**The task:** Pictures aside, repeat the listing below exactly.

**Collected material:**
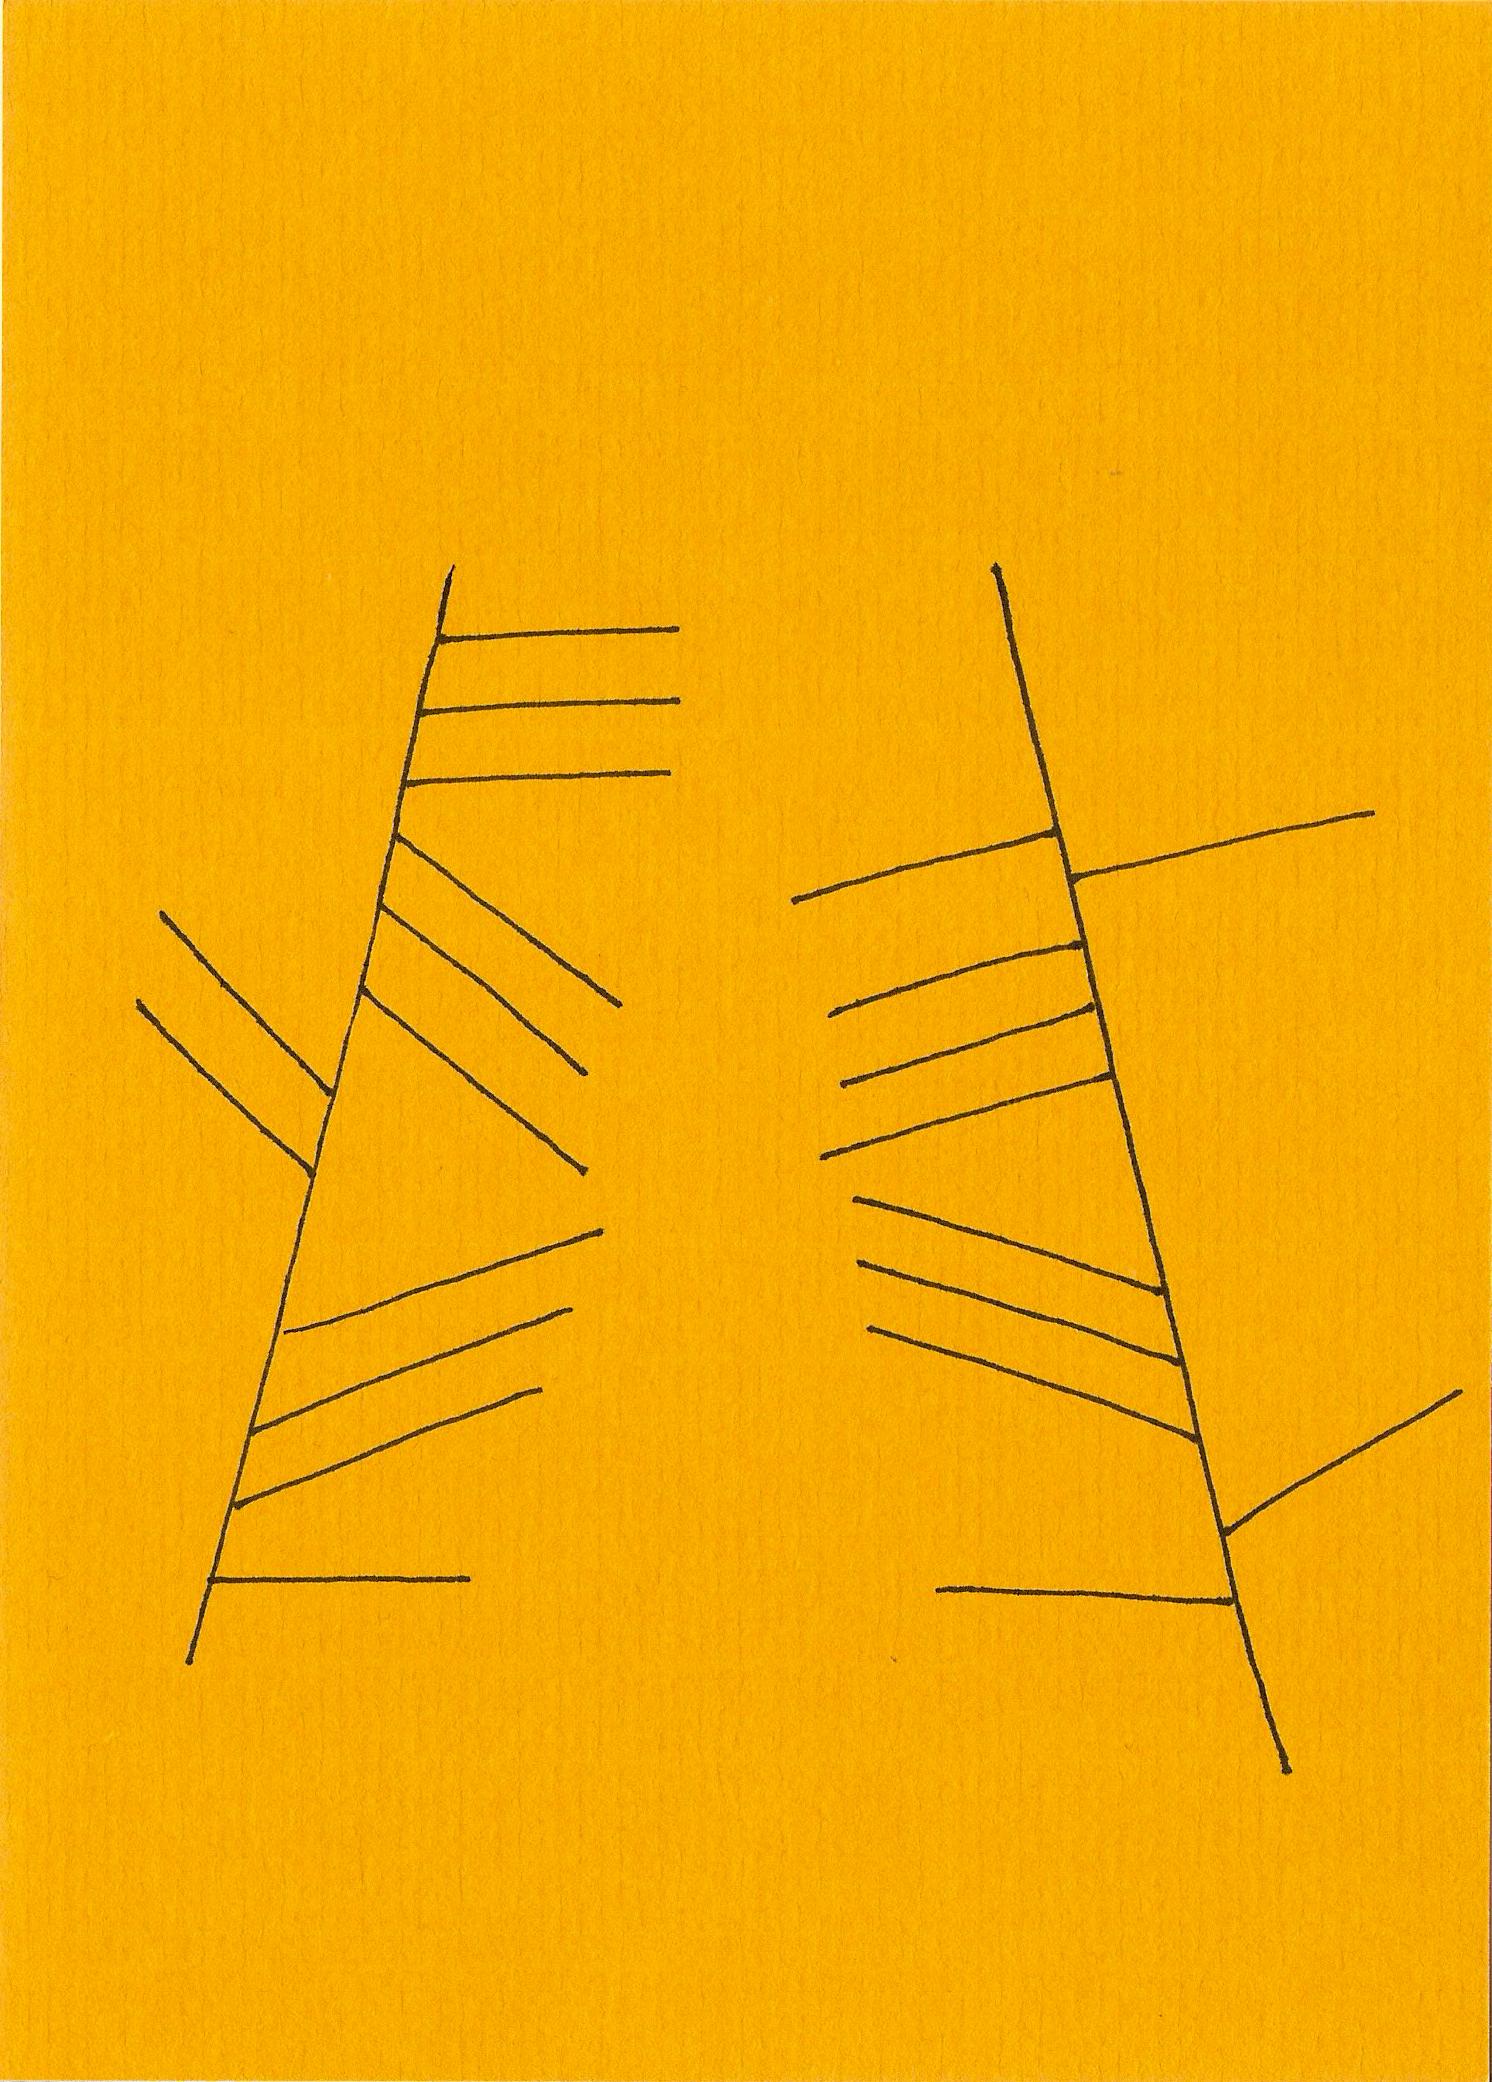 yellow stacks1.jpg
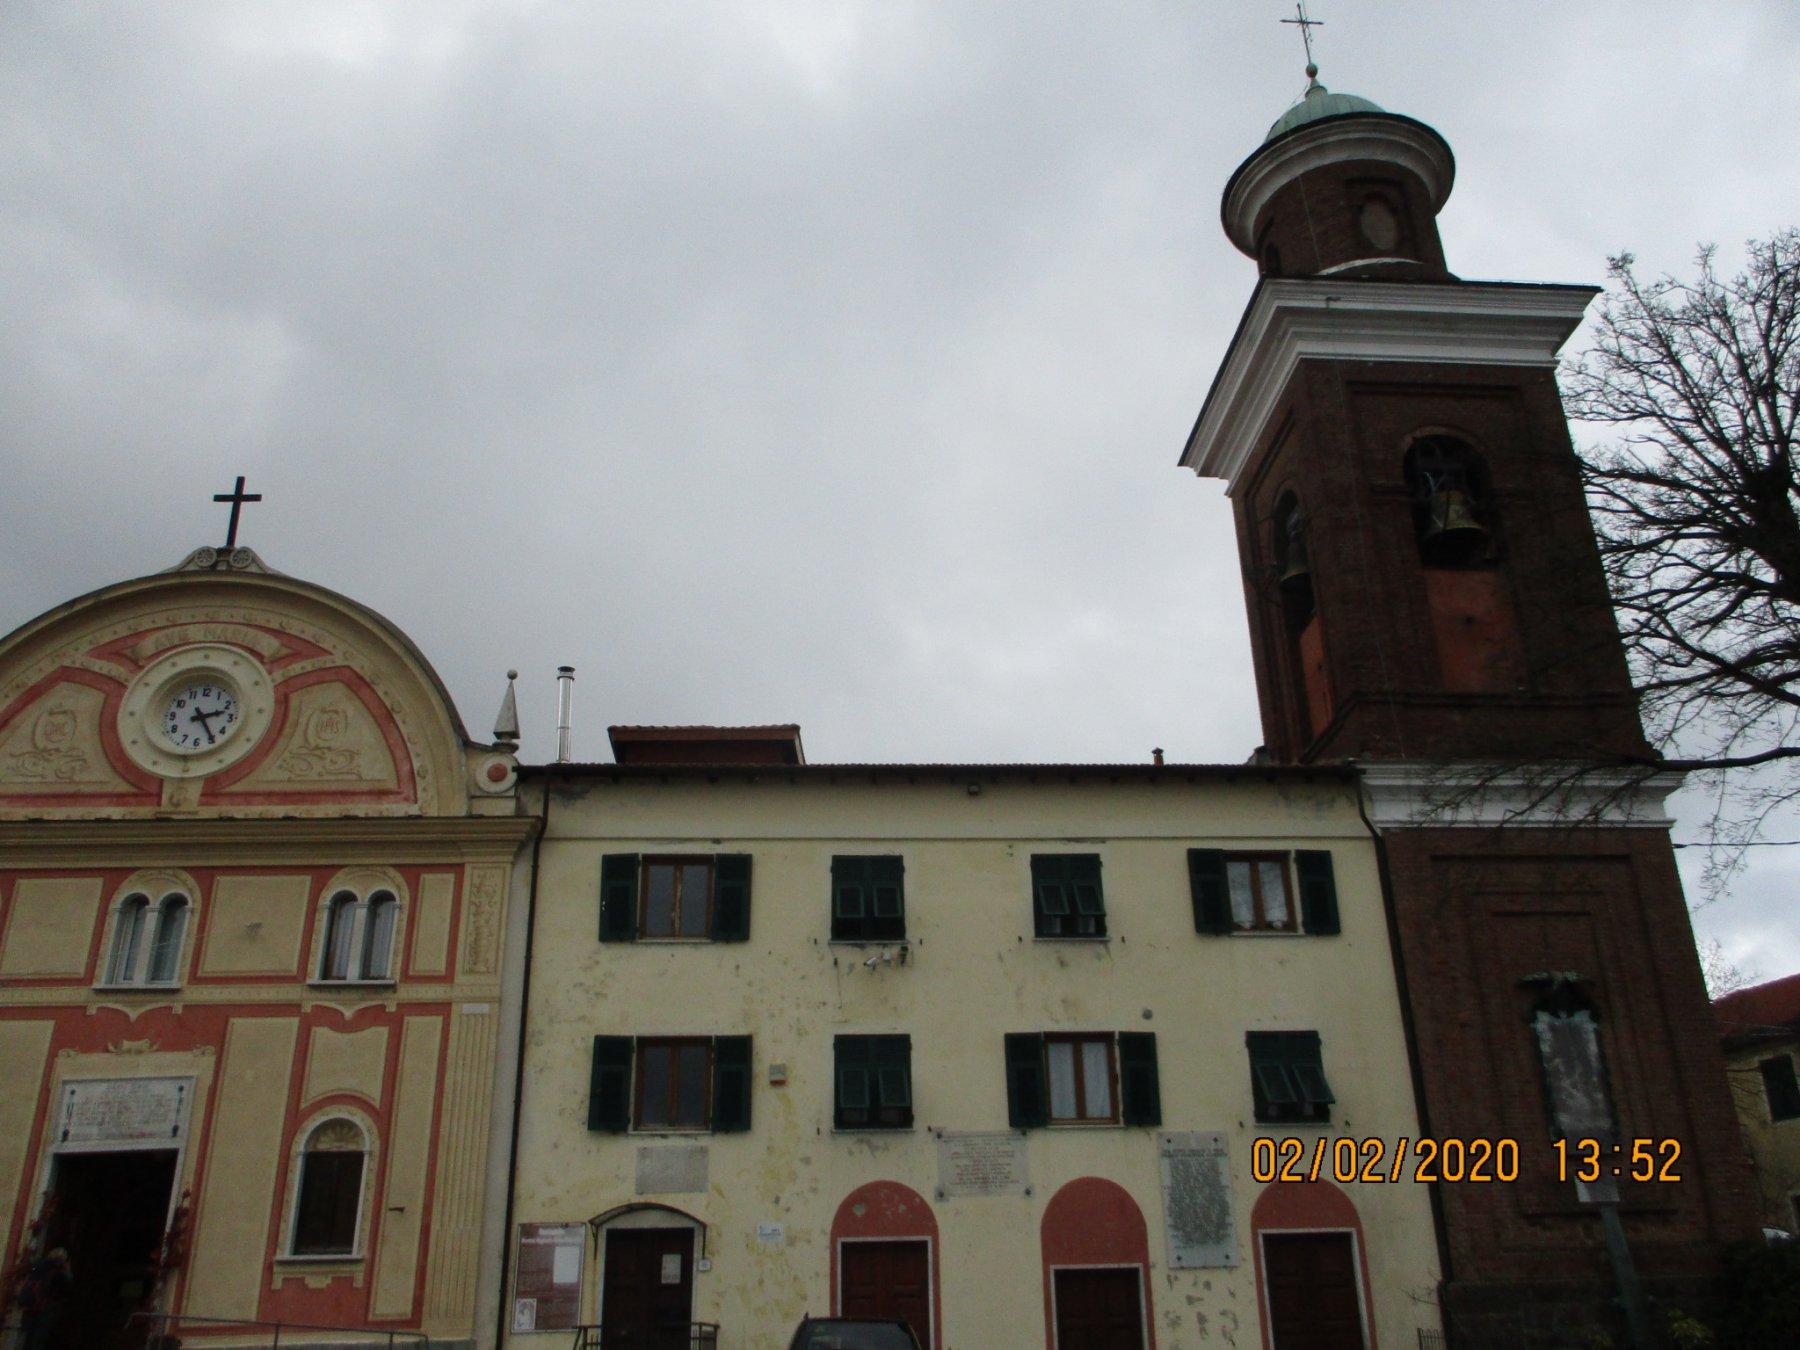 Vittoria (Santuario della) da Pontedecimo, traversata a Busalla 2020-02-02
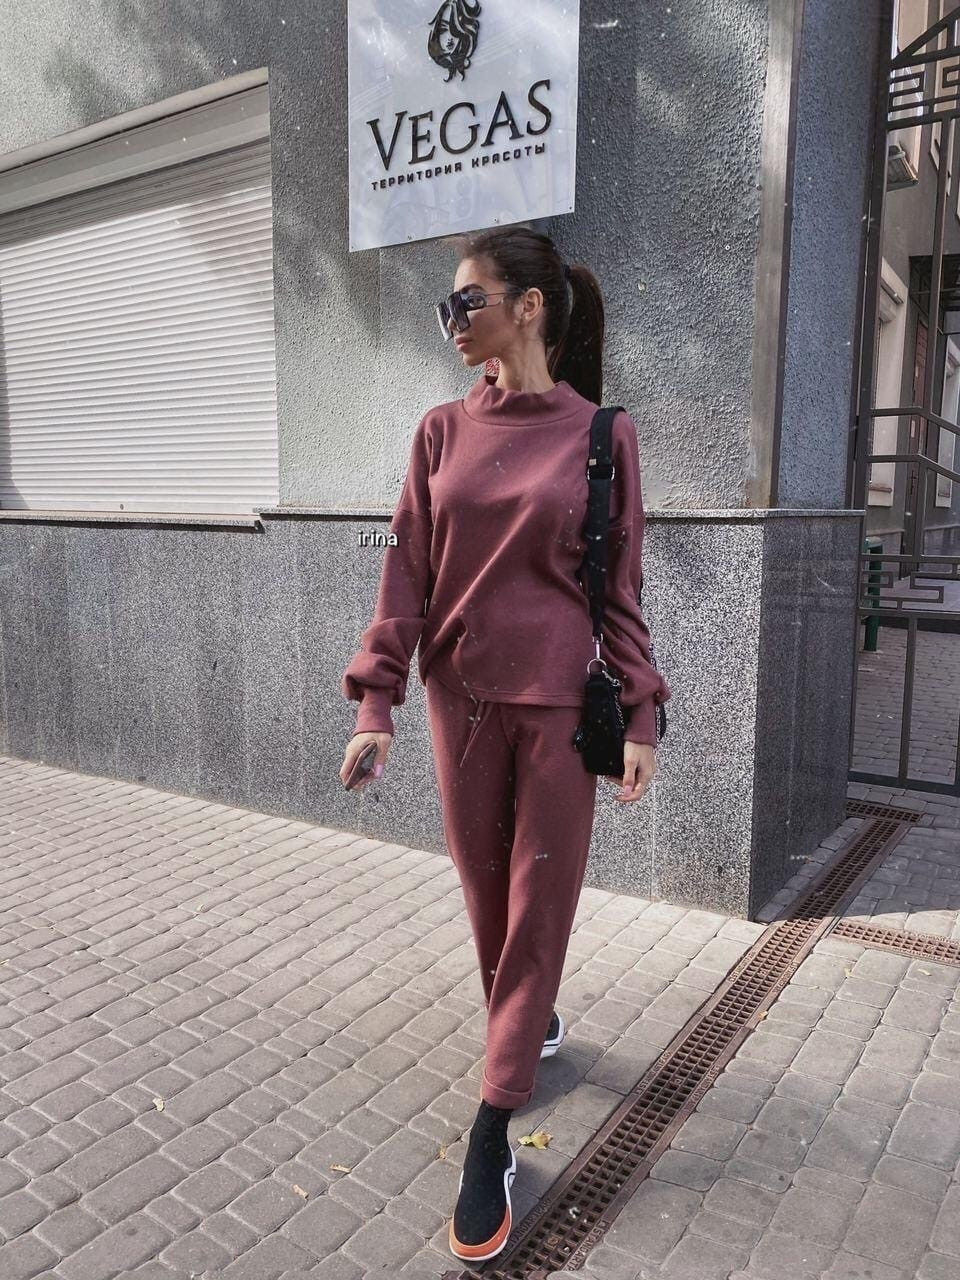 Женский повседневный  костюм Цвет : бежевый, пудра, чёрный. Размер S-М и М-L
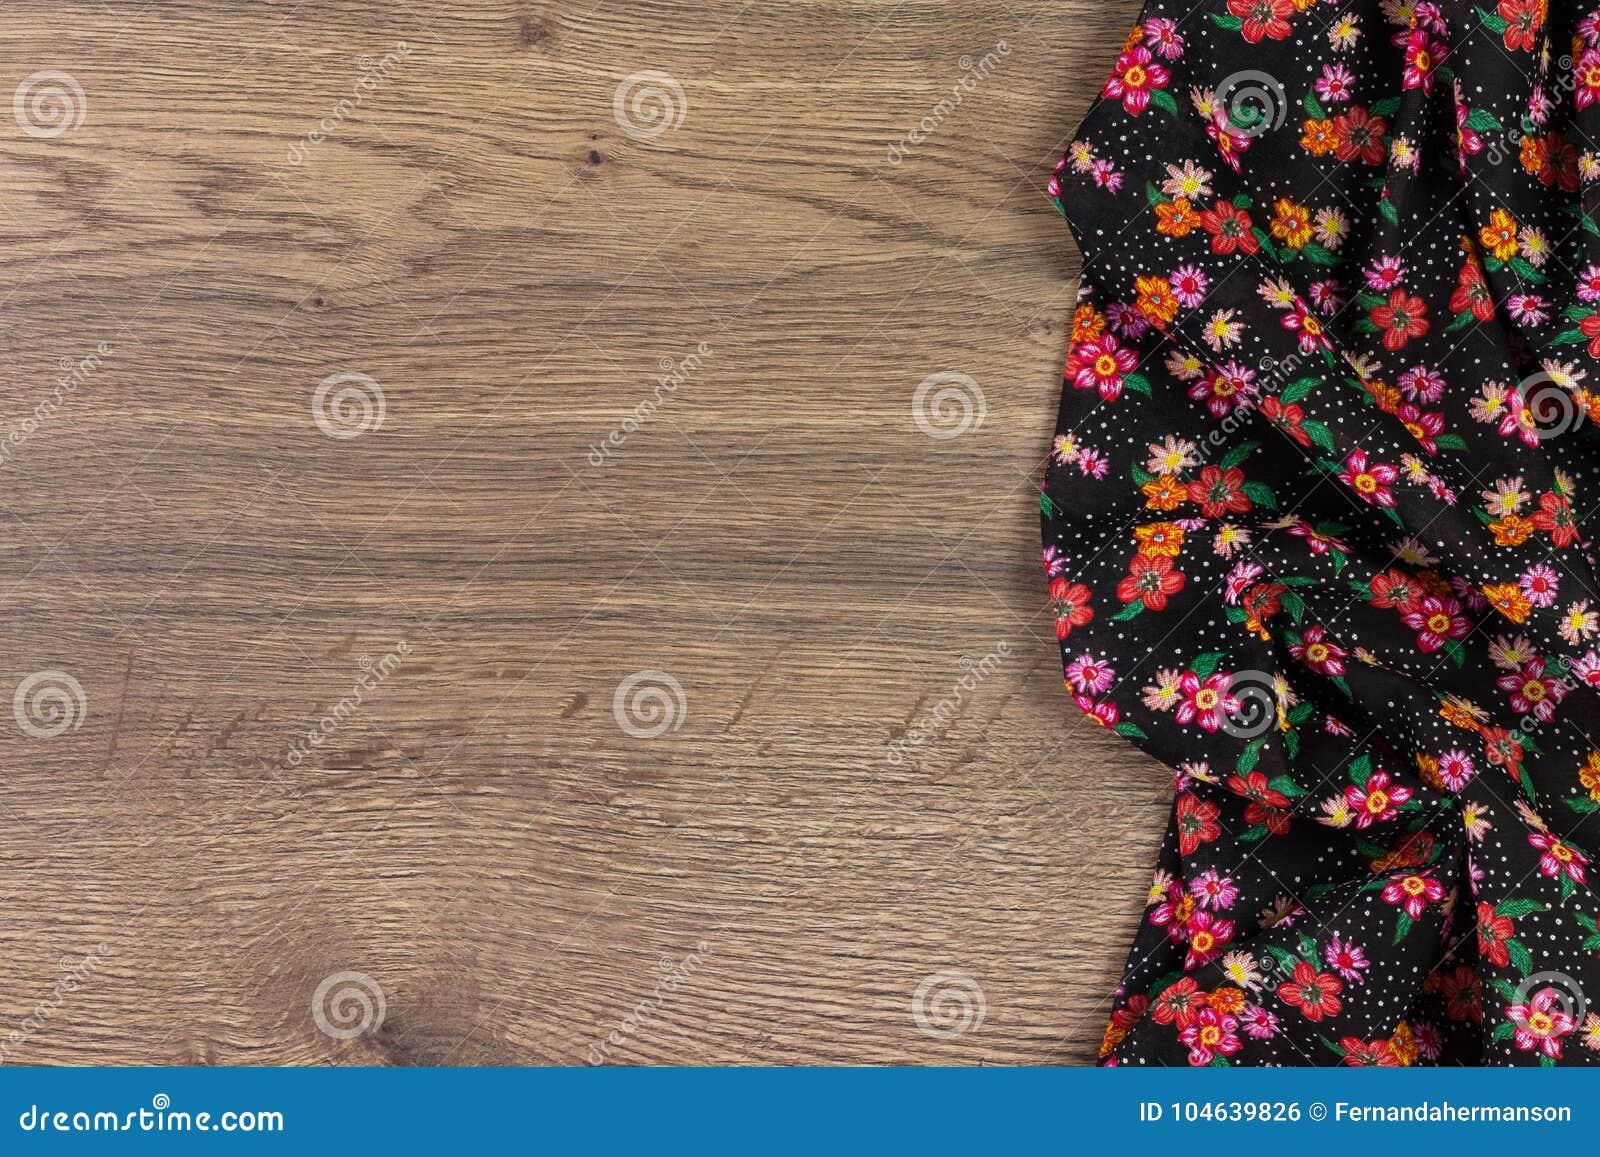 Download Het Bloemenservet Van De Patroondoek Op Lege Houten Achtergrond Stock Foto - Afbeelding bestaande uit katoen, decoratie: 104639826

**Reply to the task:**
 yellow stacks1.jpg
 Vittoria (Santuario della) da Pontedecimo, traversata a Busalla 2020-02-02
 Женский повседневный  костюм Цвет : бежевый, пудра, чёрный. Размер S-М и М-L
 Download Het Bloemenservet Van De Patroondoek Op Lege Houten Achtergrond Stock Foto - Afbeelding bestaande uit katoen, decoratie: 104639826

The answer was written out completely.